Çörek Otunun Hematolojik Etkileri

Pek çok doğal ürünün hematolojik etkileri ortaya çıkarılmıştır. Enomoto ve arkadaşları tarafından 2000 yılında yapılan çalışmada çörek otunun trombosit agregasyonu, kanın koagülasyonu ve fibrinoliz aktiviteleri üzerine etkileri araştırılmıştır.

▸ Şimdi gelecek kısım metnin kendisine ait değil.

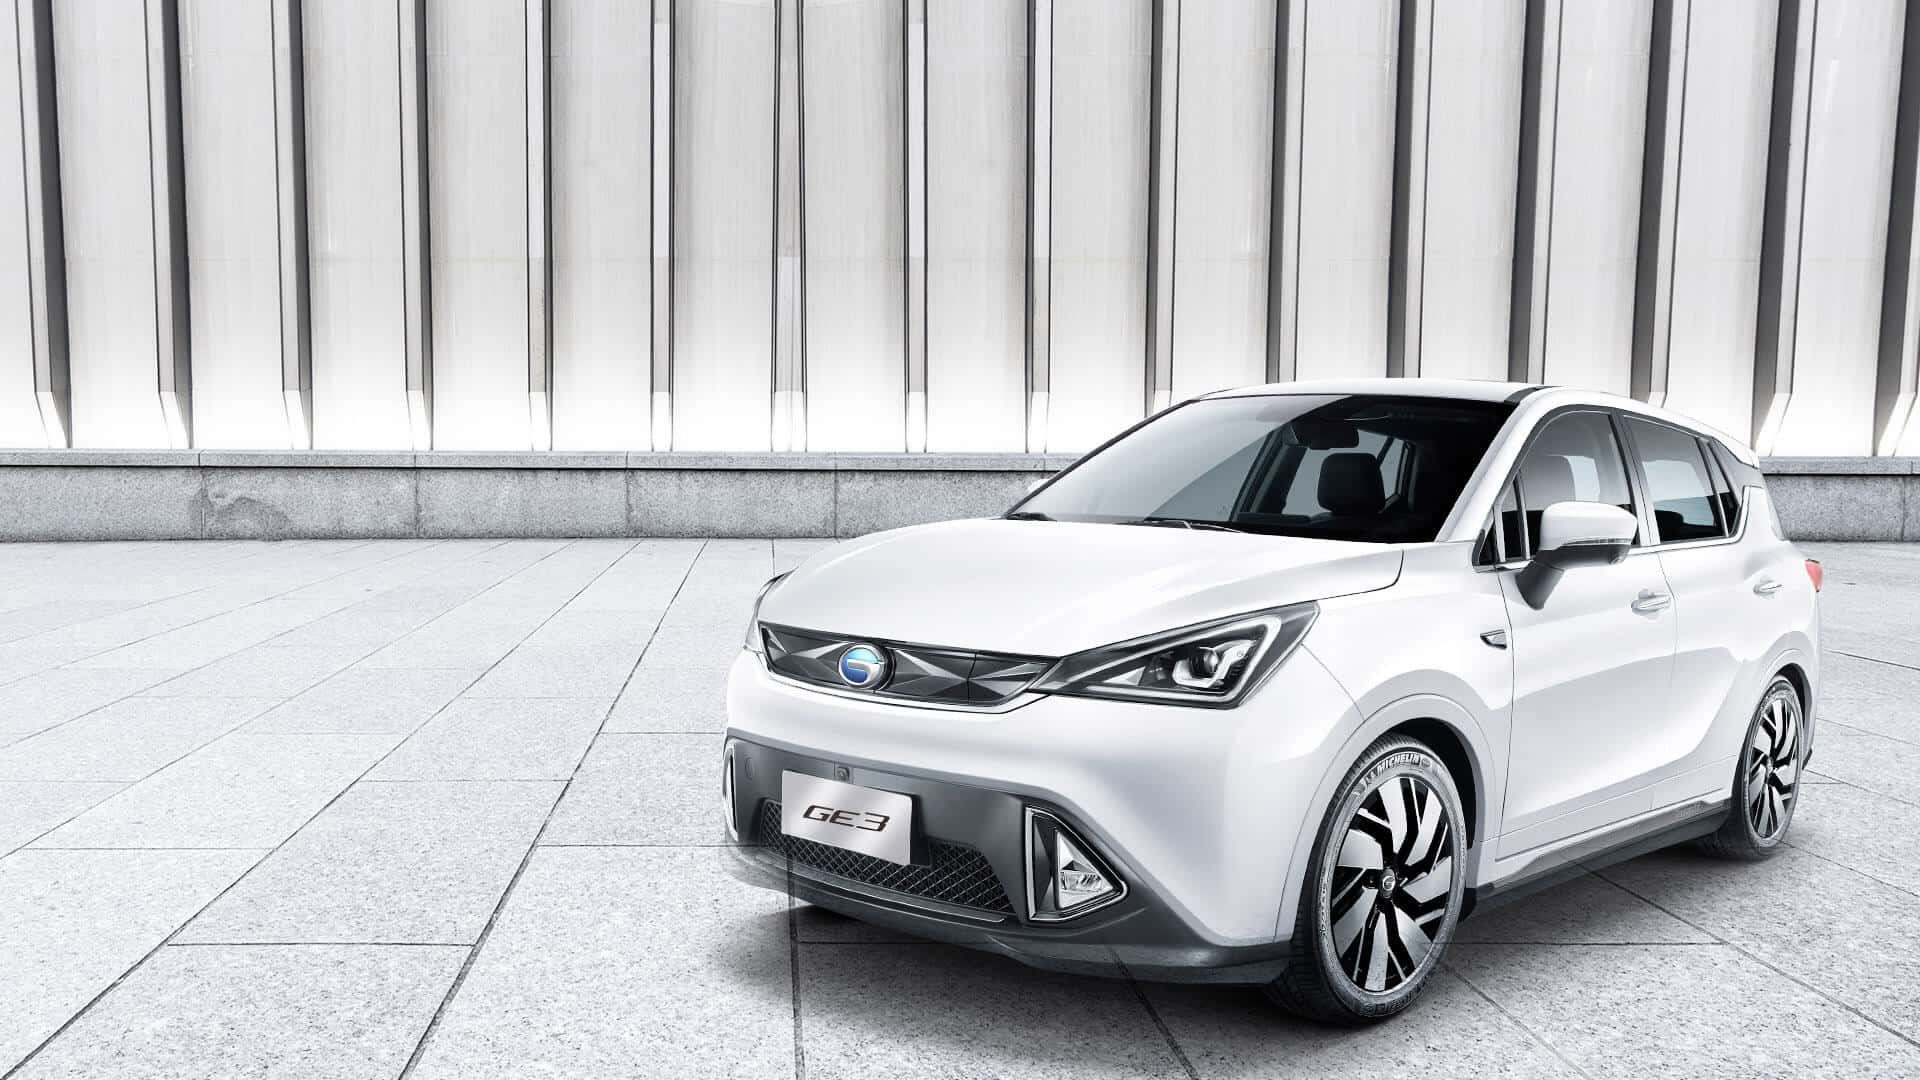 GAC - הרכב החשמלי הסיני GE3 | צילומים: יצרן

Trombositler 2 – 4 m çapında, çekirdeksiz, disk biçiminde hücre parçacıklarıdır ve kanın pıhtılaşmasını sağlamak ve kan damarlarındaki çatlakların onarılmasına yardımcı olarak kan kaybına engel olurlar. Hemostaz, bütünlüğü bozulmuş bir damardan kanamanın kendiliğinden durmasına verilen isimdir. Hemostaz, birincil ve ikincil olmak üzere iki proseste gerçekleşir. Üç aşamada gerçekleşen birincil hemostazın ilk aşamasında fibrin çözünmeyen bir bağ oluşturacak şekilde kümeleşerek yaralanan damar bölgesinde kanama durdurulur. İkinci aşamada trombositler hasarlı damar bölgesine yapışarak tıkaç oluşturur. Son aşamada ise hasarlı damarın vazokonstriksiyonu ile kanın damar dışına akışı yavaşlatılır. İkincil hemostaz ise yaklaşık yirmi plazma proteininin katıldığı koagülasyon prosesidir.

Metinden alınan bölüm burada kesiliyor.